El itinerario del
poeta
Por Federico Bello
Landrove
Este relato, en buena parte biográfico,
aunque estereotipado, lo dedico al conjunto de escritores que, por triste
efecto de nuestra Guerra Civil, se vieron obligados a peregrinar de solar en
solar y de oficio en oficio, dando, no obstante su desarraigo y su dolor, lo
mejor de sí mismos para que las nuevas generaciones, que llenábamos entonces
los pupitres, pudiésemos ser, pese a todo, mejores y más cultos.
1. Un hombre en el aula
Firme la planta y alta
la cabeza,
seré ejemplar de
ecuánime cordura,
¡y bueno!, porque sé
que la belleza
El poeta abre de
quedo la puerta del aula, como si no quisiera interrumpir con brusquedad
nuestra algarabía adolescente. No es, desde luego, tan firme su planta como
treinta años atrás, maciza, enfundada tal vez en un traje oscuro de raya
diplomática. ¿Y el bastón? Cualquiera diría que lo lleva por distinción o coquetería.
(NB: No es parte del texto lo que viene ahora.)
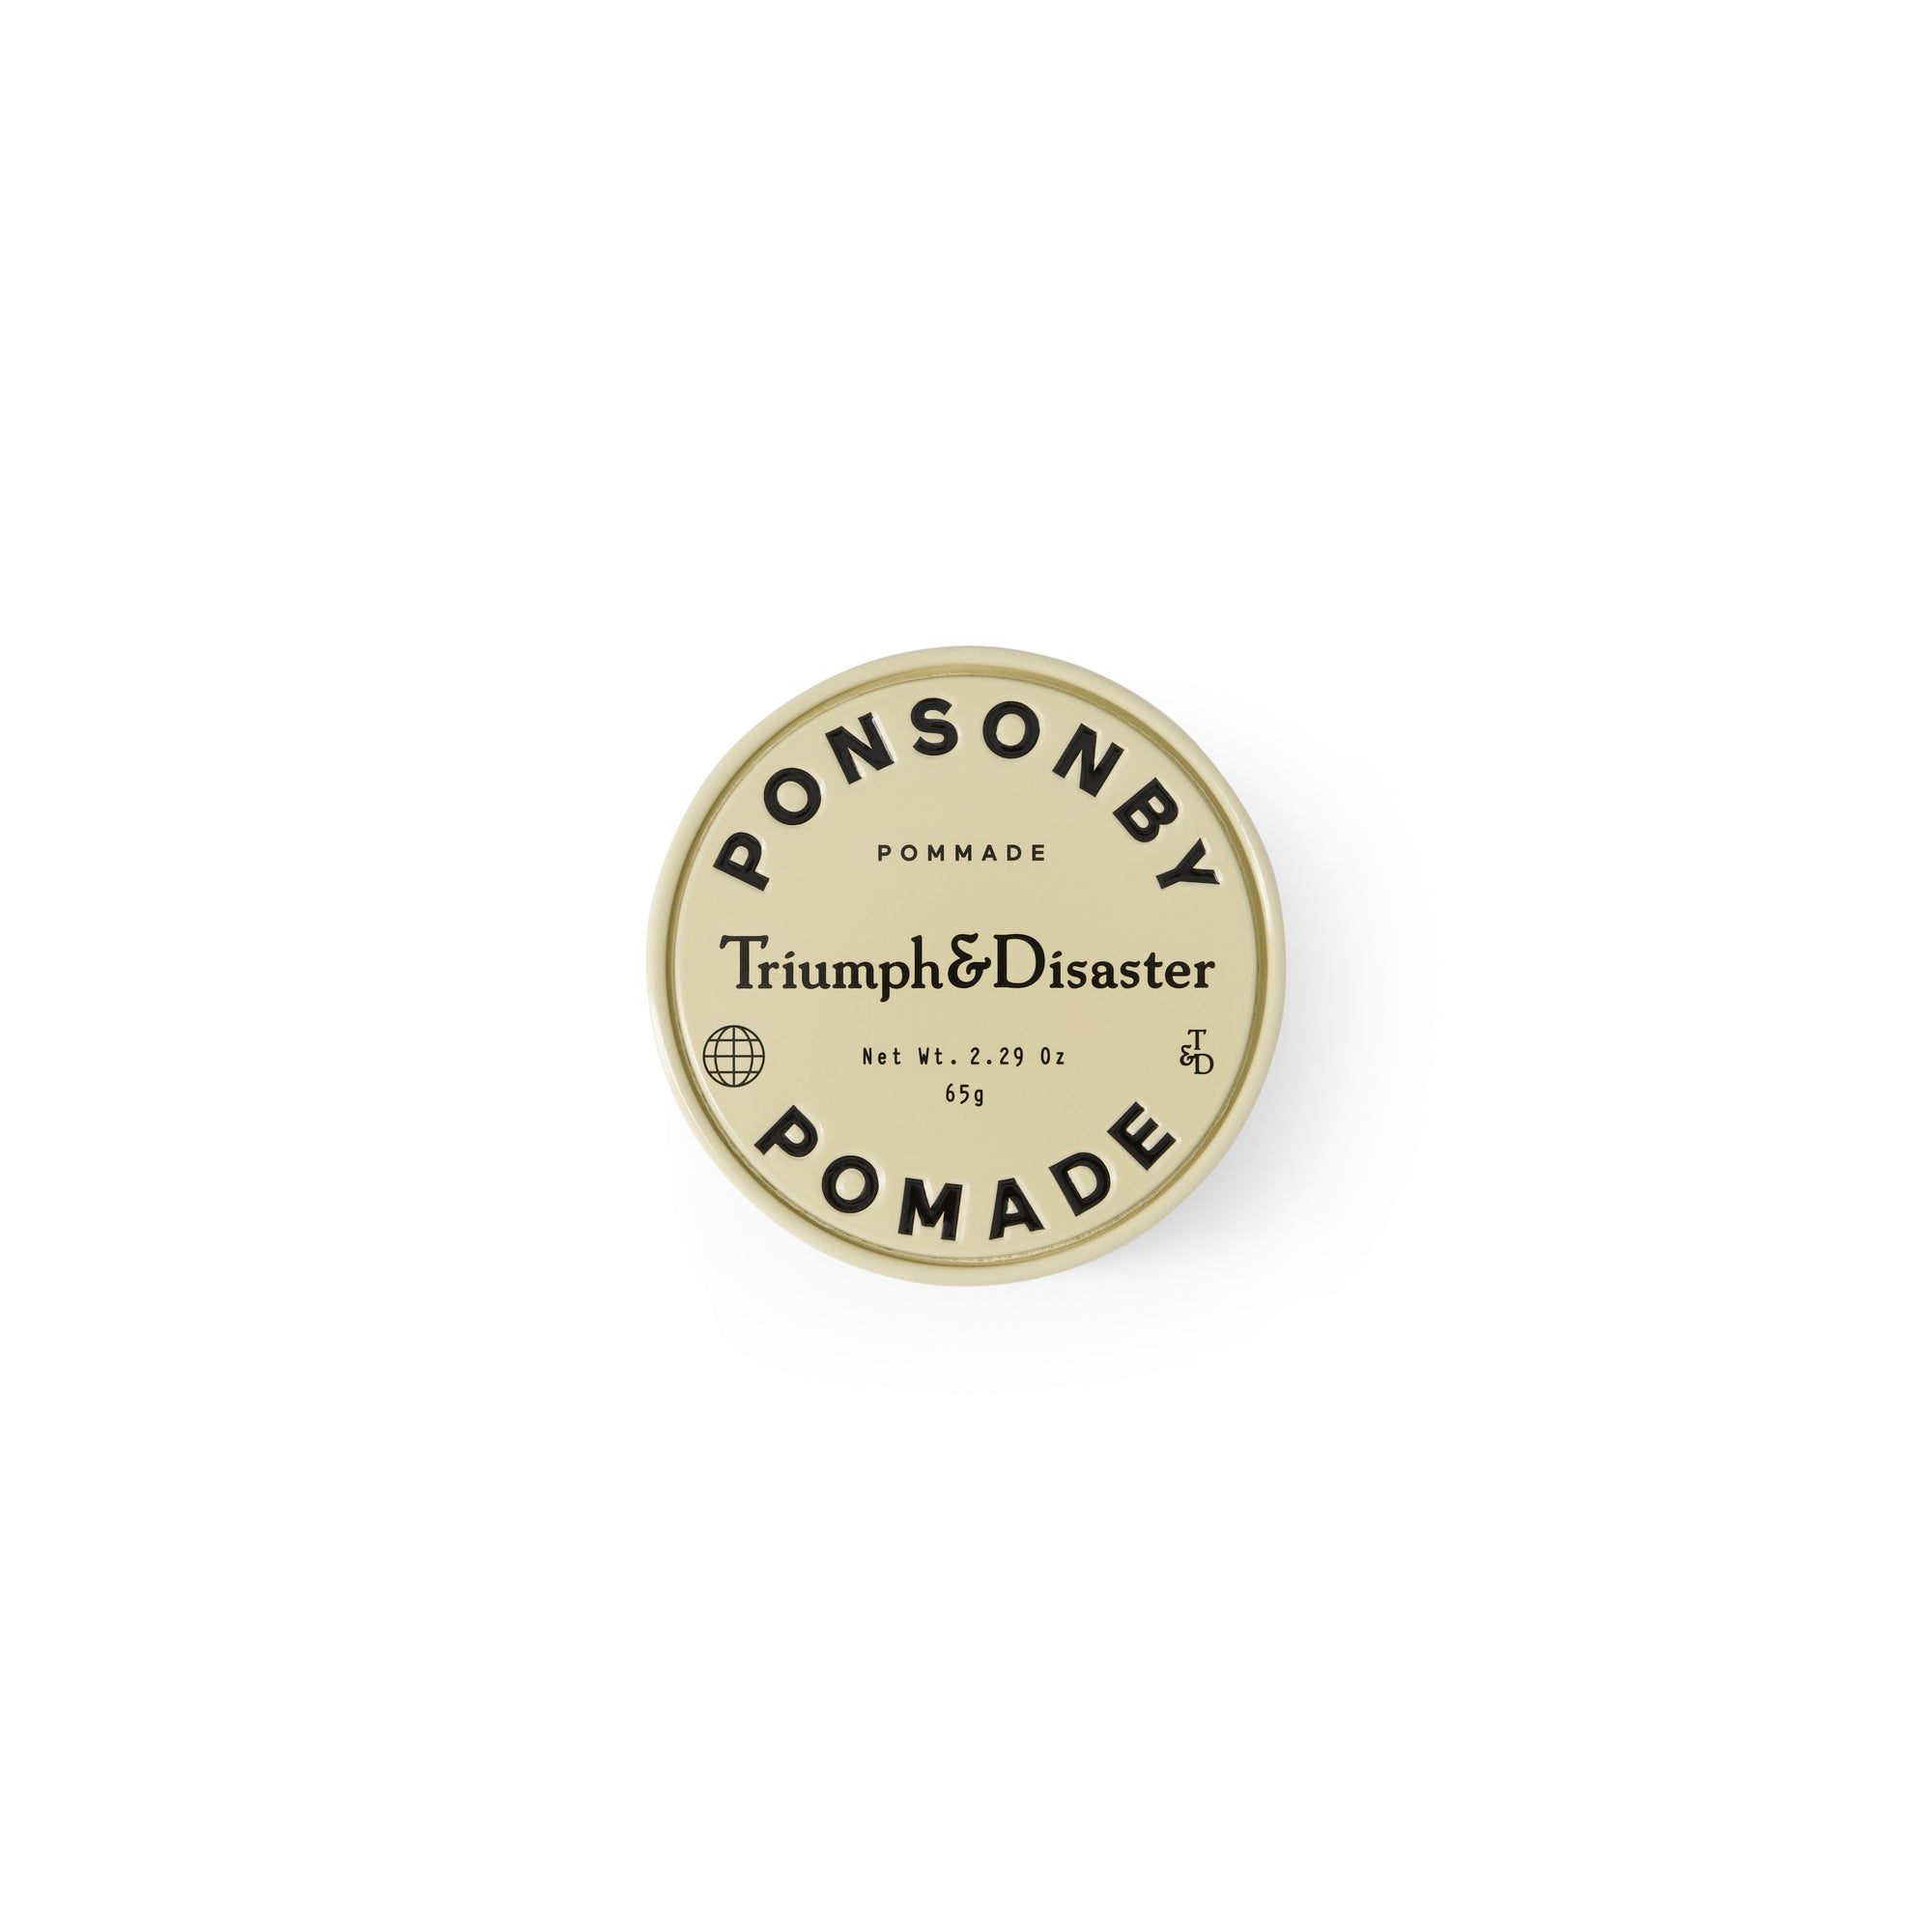 Triumph &amp; Disaster - Ponsonby Pomade 65g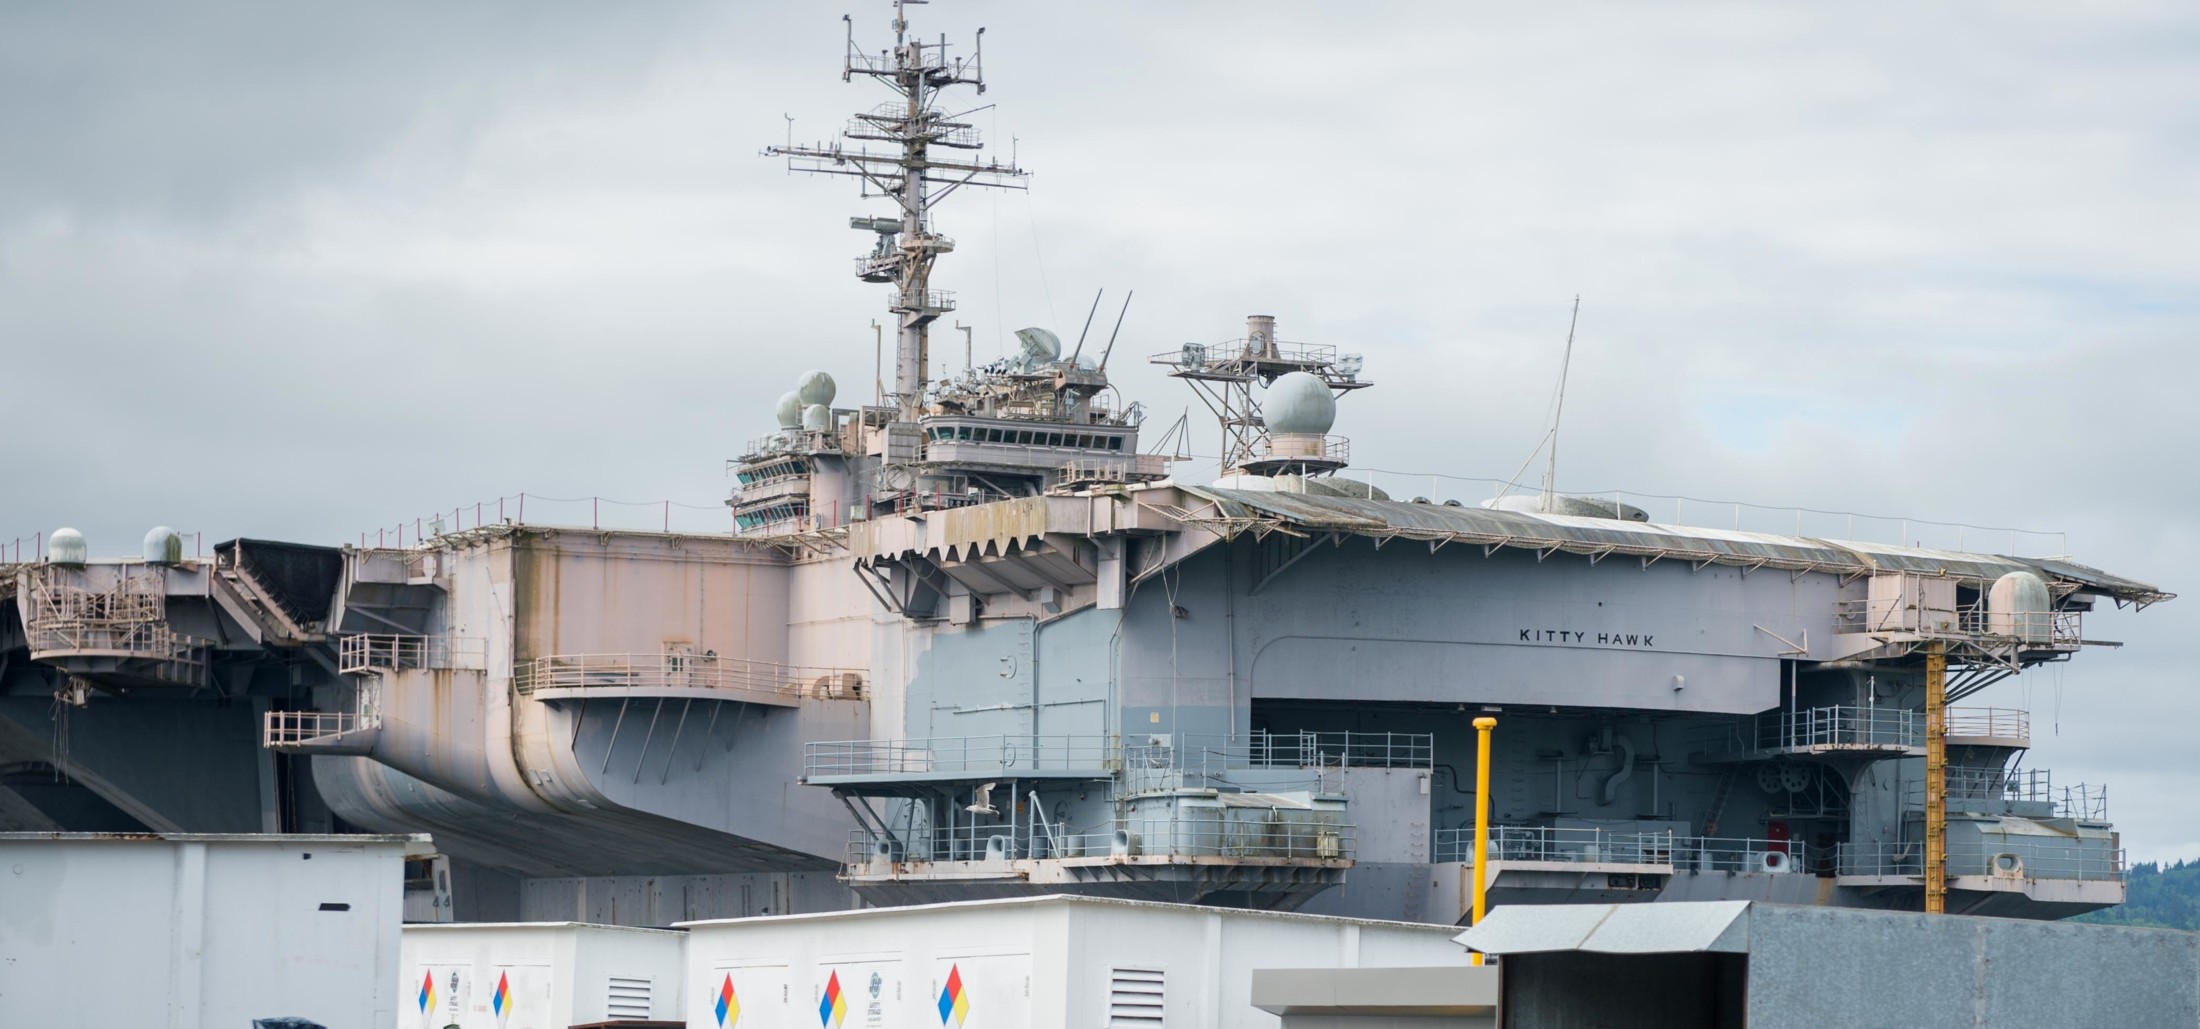 cv-63 uss kitty hawk aircraft carrier us navy puget sound naval shipyard washington mothballed in reserve 2017 225

¿Quién de nosotros podía saber entonces de su aterosclerosis, de la debilidad
de su corazón?
… Alta la cabeza.
El inexcusable sombrero realza su estatura mediana y cubre lo más hermoso de su
aspecto: el cabello inmaculadamente blanco, algo largo, que nos lo define como un viejo,
uno de esos profesores-abuelos, tan lejanos de nosotros, con los que nos une un
inseguro puente de brusquedad o de condescendencia. Pero, a estas alturas del
curso (tal vez el primero de los suyos en nuestro Instituto), sabemos bien que
una cosa es en él la apariencia y otra, muy distinta, el espíritu. Por eso, las
voces se acallan y cada cual ocupa su sitio, mientras el poeta se despoja del
pesado abrigo con cuello de astracán, posa el sombrero a la derecha de la
cátedra y toma asiento, con un saludo y una sonrisa.
(Yo creo recordar
que el poeta lleva con frecuencia un veguero apagado, con el que gesticula
entre los dedos, como quien robustece o amplía su ademán con una varita)
Abrimos el libro
de texto por la nueva lección. Siempre imagino al poeta en pleno Siglo de Oro.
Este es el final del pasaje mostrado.